石川順惠 Impermanence — 苧環 2014 © Yukie Ishikawa Courtesy of the artist and Blum & Poe, Los Angeles /New York / Tokyo

 ペインター・石川順惠(ゆきえ)の活動30年の取り組みを紹介する、BLUM & POEでの初個展が開催される。

 アメリカやヨーロッパ各地で、新しい美術の可能性を模索したネオ・エクスプレッショニズム(新表現主義)の動向が席巻した1980年代後半に、作家としてのキャリアをスタートさせた石川。日本でも、バブル経済を時代背景とし、デザインや消費文化といった時代性を反映しながら、既存の美術を乗り越えていくような新しい美術手法が模索された。
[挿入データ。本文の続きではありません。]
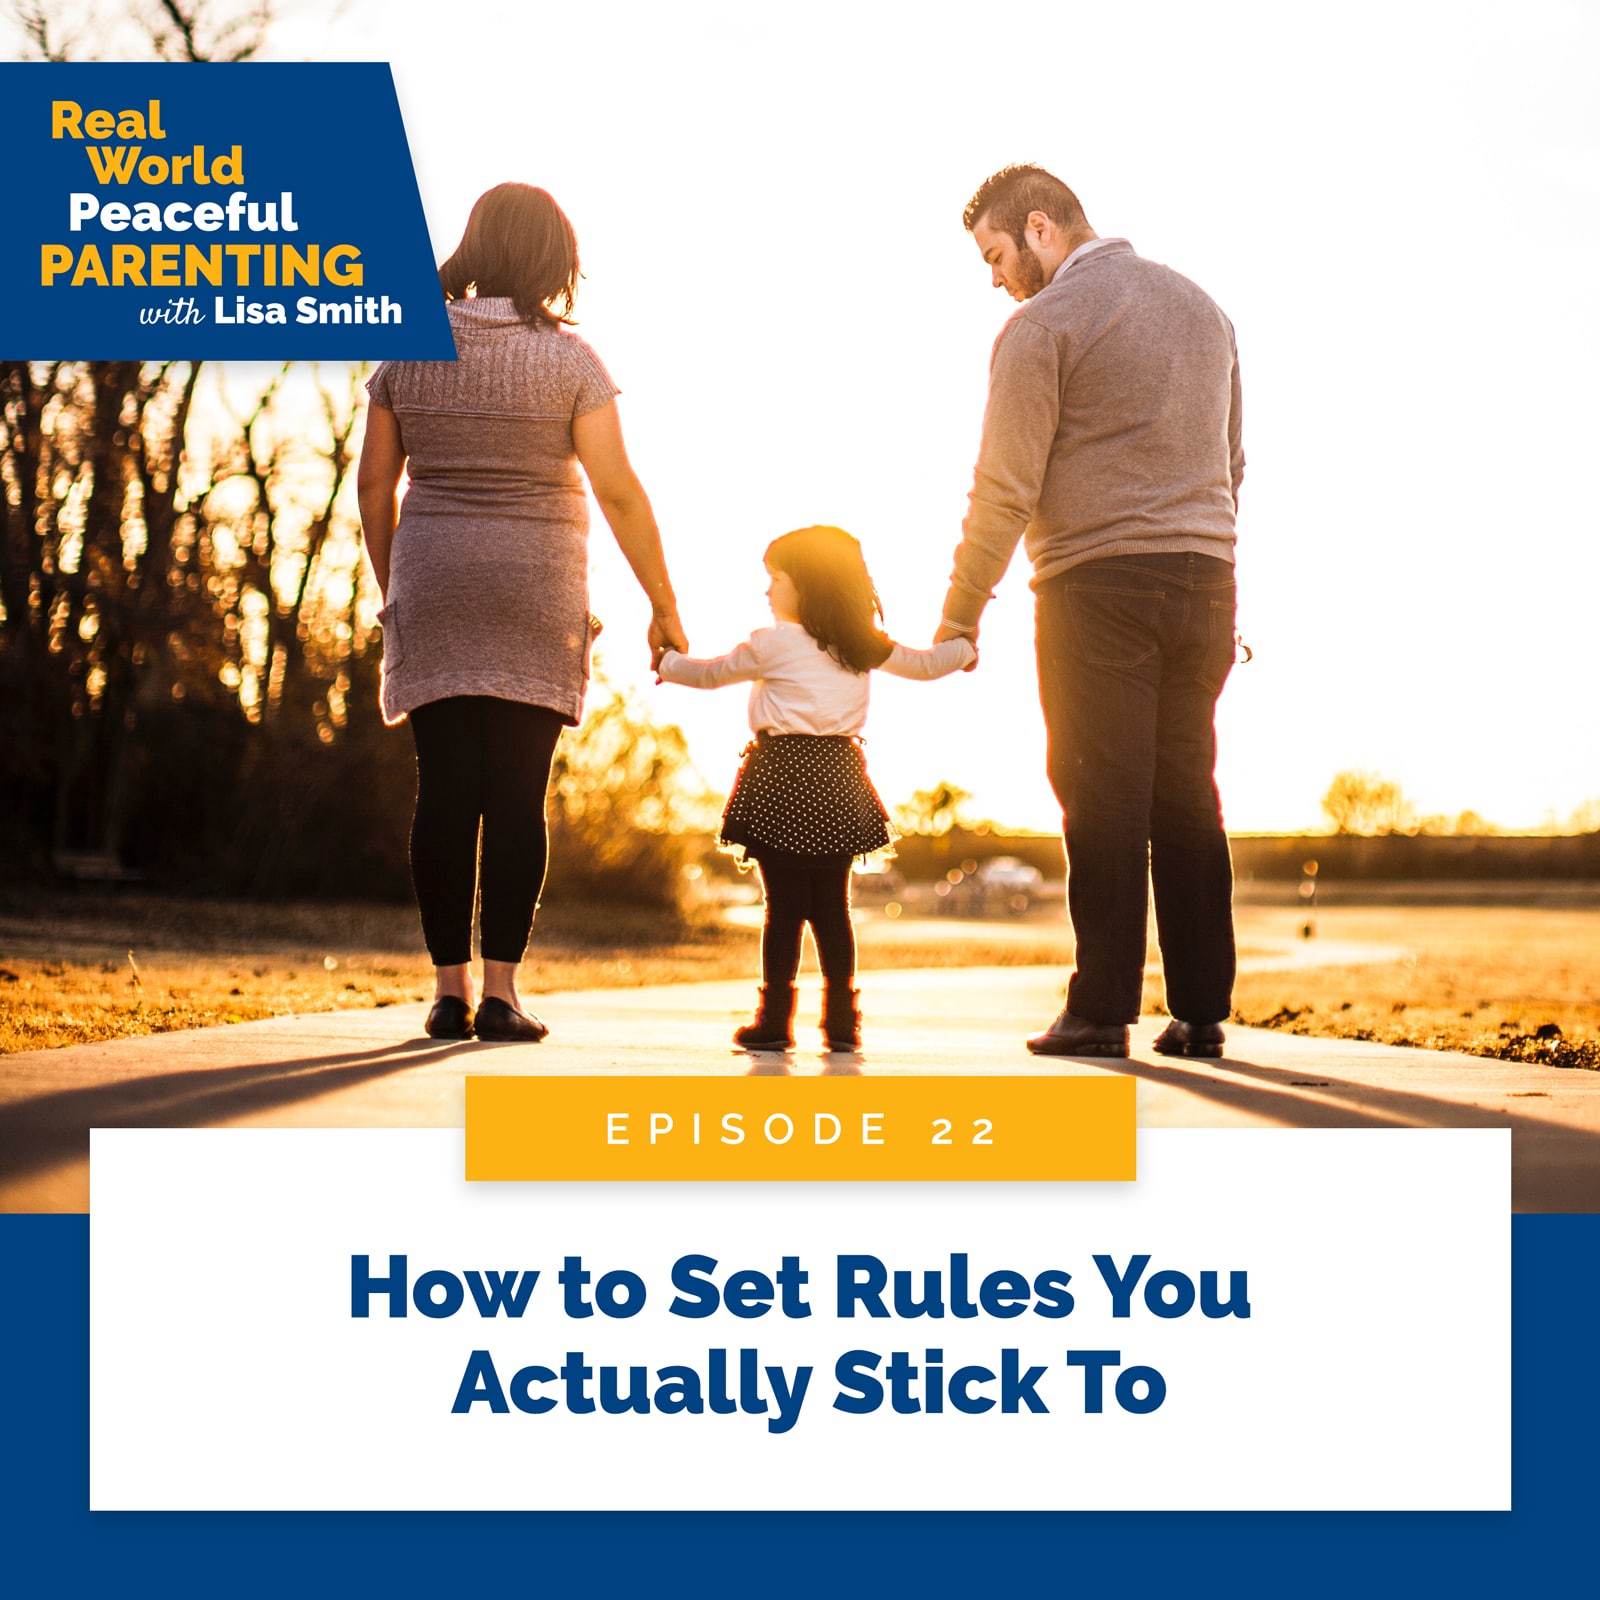 Real World Peaceful Parenting with Lisa Smith | How to Set Rules You Actually Stick To

 このような状況下、そして日本におけるニュー・ペインティングの台頭とともに実践を展開してきた石川は、雑誌や広告といった印刷物から日常的なイメージを選択し、絵画を制作。元のイメージが持つ固有性を曖昧にするように抽象性を構成し、彩色を施すことで、3次元的空間とは一線を画す絵画的な空間を生み出すことを探求してきた。

 本展では、入り組んだ構成からなる「Impermanence(非永続性)」シリーズより、作家がスタジオの窓から見える風景の移ろいを前に、瞑想的な状況から着想した作品を発表。未完成のペインティングを加筆し、すでに完成したかに見える旧作を再構成することで、これまでの作品とは異なる絵画構造を打ち出す。